- **INPUT DATA**
=====
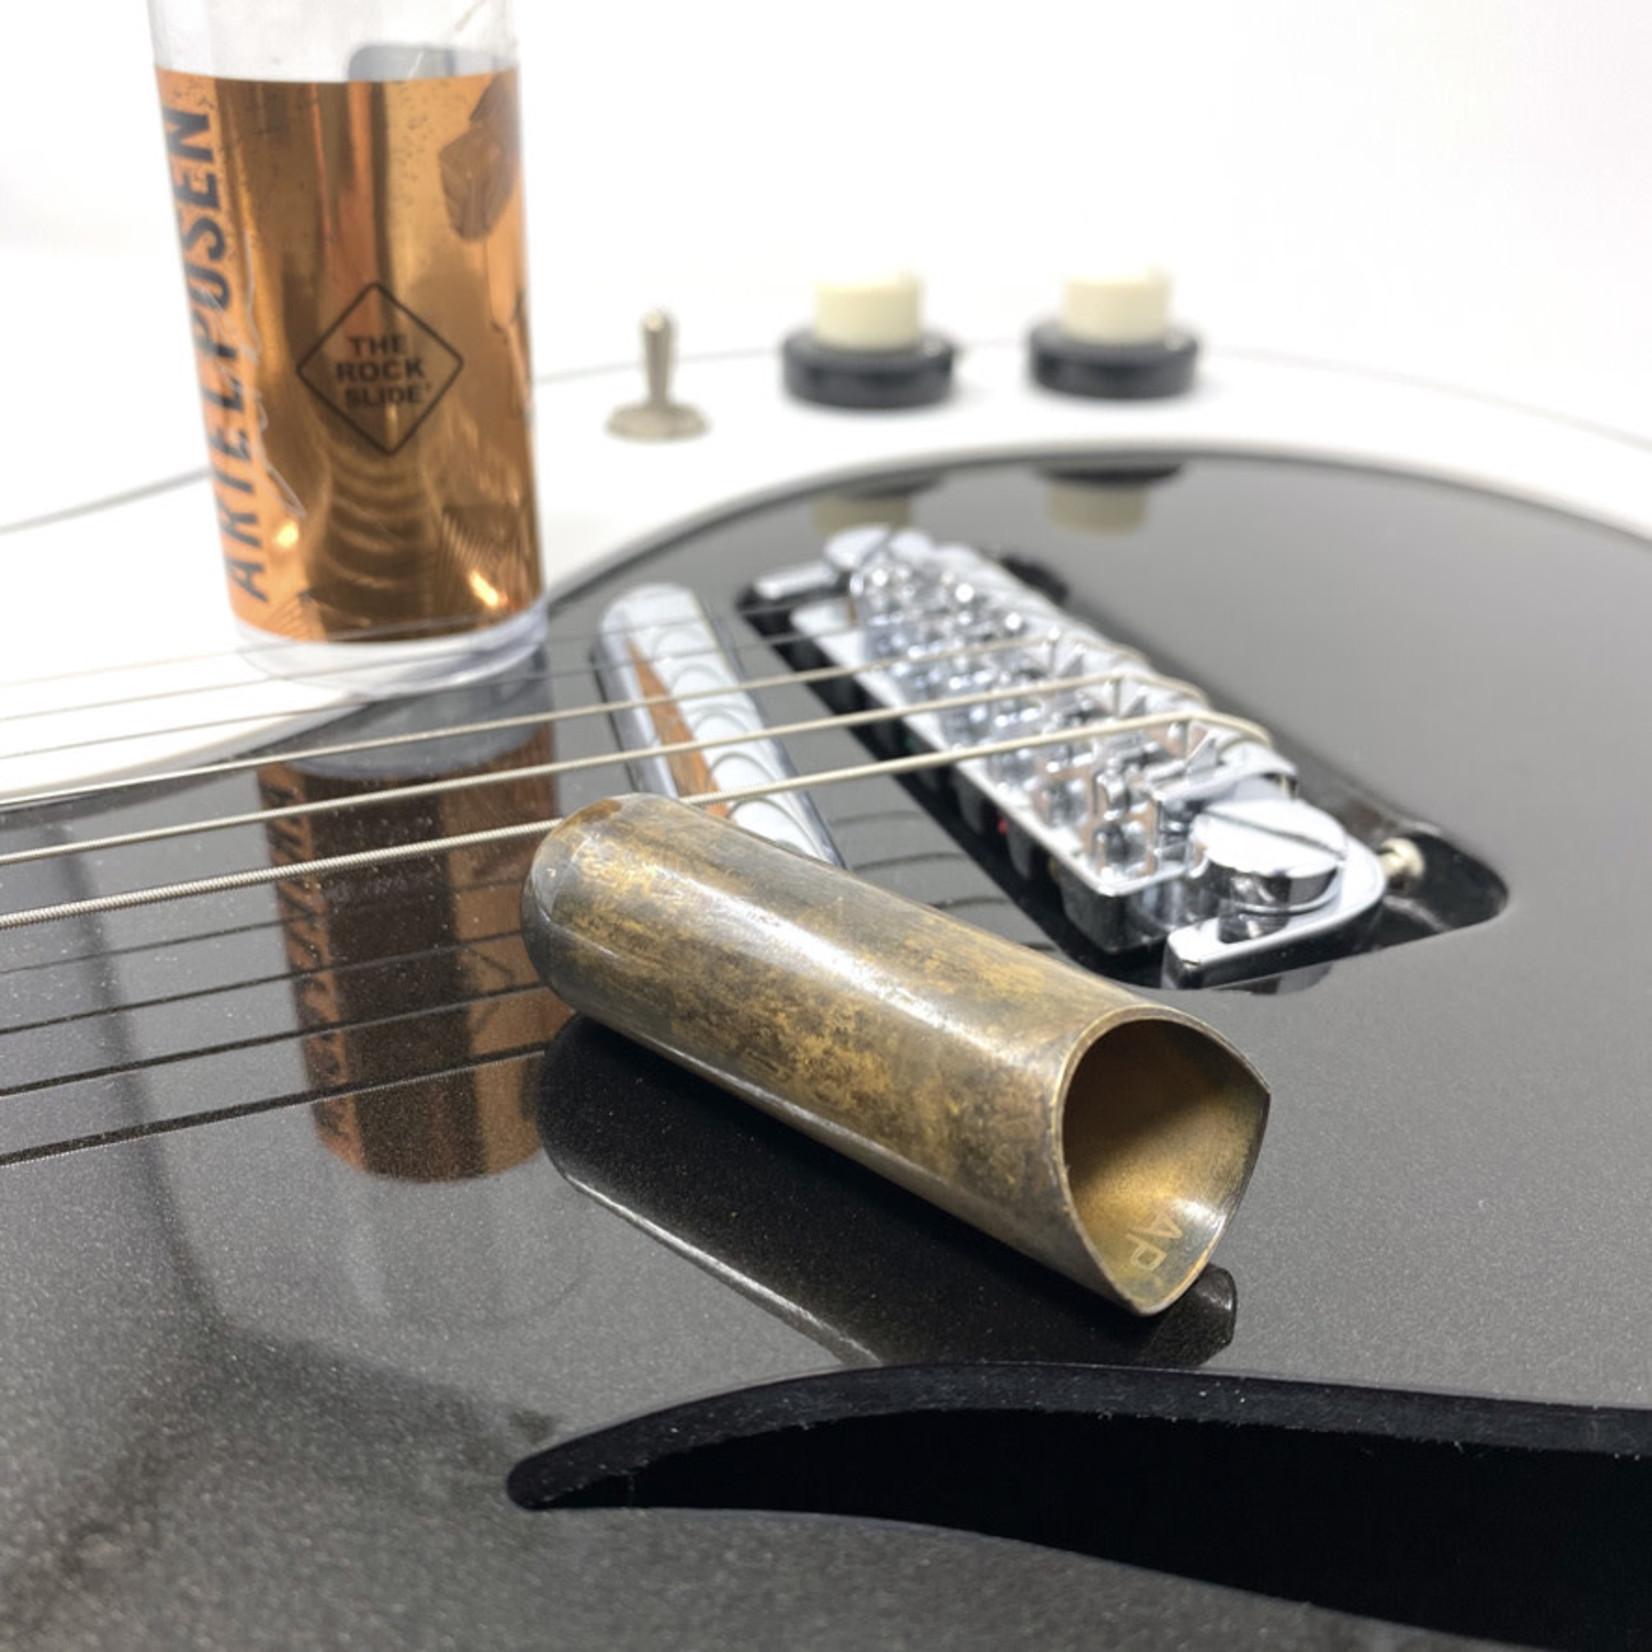 The Rock Slide The Rock Slide - Ariel Posen Signature Slide - AGED Brass
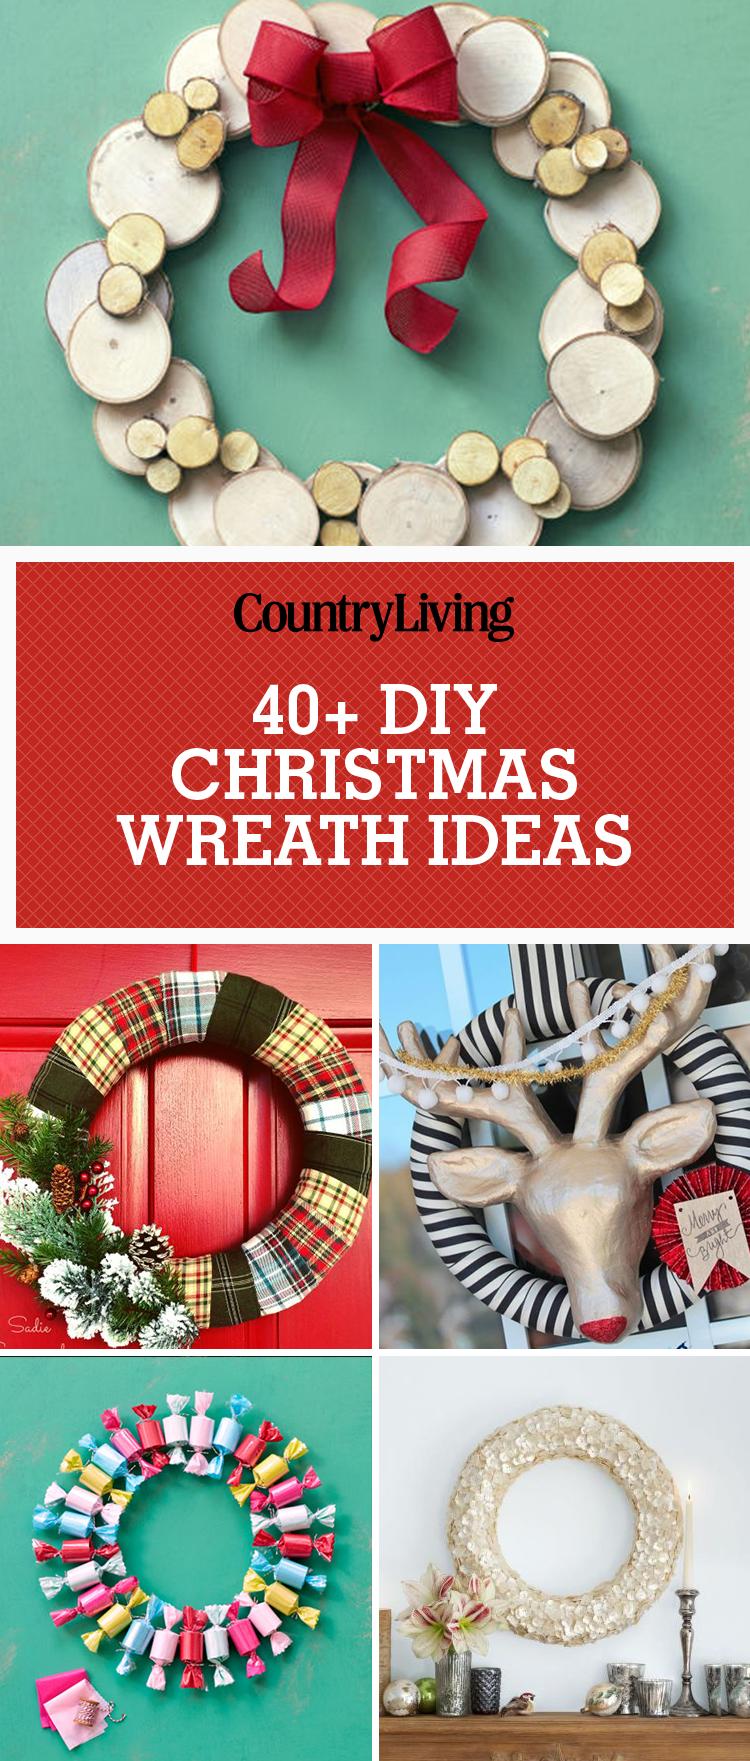 40+ DIY Christmas Wreath Ideas - How To Make Holiday ...
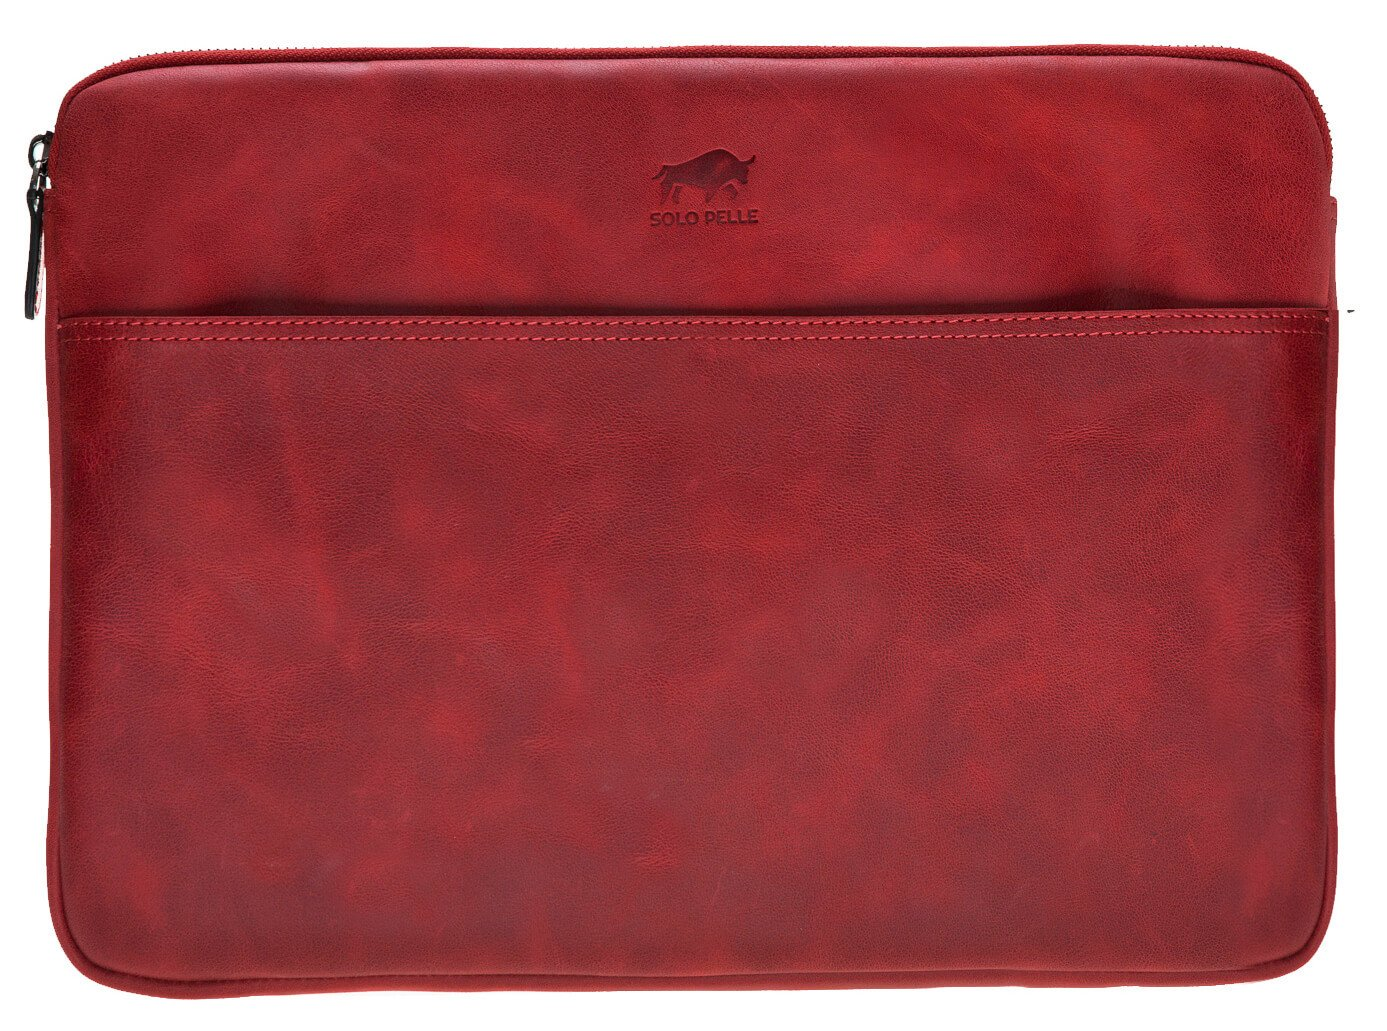 Ledertasche für das Apple MacBook Pro 15/16 Zoll Lederhülle Case Hülle Awenta Tasche aus echtem Leder Rot Burned
=====
- **WHAT THE TASK REQUIRES**
Would you output the listing above verbatim, without its pictures?

- **REPLY**
 The Rock Slide The Rock Slide - Ariel Posen Signature Slide - AGED Brass
 40+ DIY Christmas Wreath Ideas - How To Make Holiday ...
 Ledertasche für das Apple MacBook Pro 15/16 Zoll Lederhülle Case Hülle Awenta Tasche aus echtem Leder Rot Burned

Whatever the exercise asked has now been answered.